Nuclear security has improved dramatically since the 1990s in Russia—which has the world’s biggest stockpiles, spread in the largest number of buildings.
But significant weaknesses have persisted or worsened. They include widespread corruption; organized crime; Islamic extremism; economic problems; a cut in Russia’s nuclear-safety budget and stalled co-operation with the U.S., following sanctions prompted by the Ukraine invasion.
“Security surrounding Russia’s nuclear stockpile has improved dramatically since … the collapse of the Soviet Union. Fences around facilities have been mended, staff are paid regularly, guards stand their posts and electric bills are paid on time,” says the paper.

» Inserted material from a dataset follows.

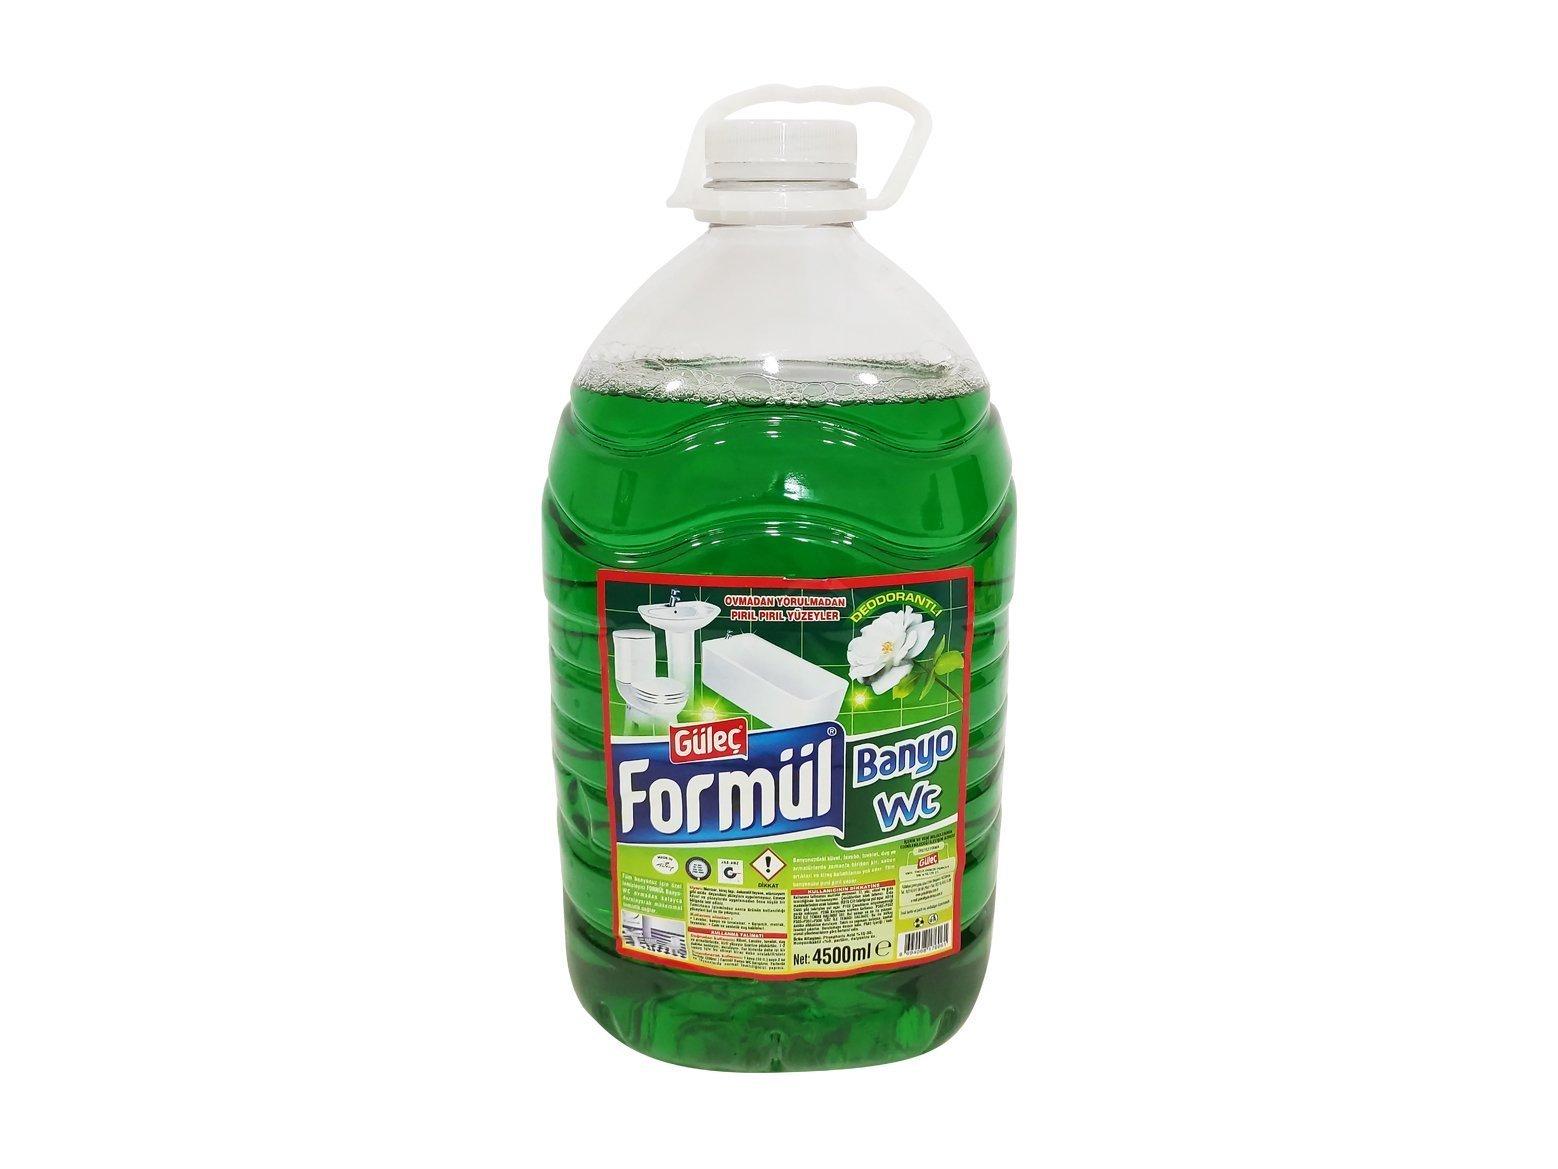 Formül Banyo-Wc Parlatıcı 5000 ml

“It is significantly more difficult to steal weapons-usable nuclear material in Russia than it was 20 years ago.”
Pakistan has a rapidly growing arsenal and powerful terrorist groups. “Repeated terrorist attacks on heavily guarded facilities in Pakistan—often appearing to have insider help—highlight the ongoing risk.”
Yet Pakistan has made major efforts to keep the supply safe. By some estimates, it says, 25,000 soldiers are available to guard Pakistani nuclear stocks and facilities.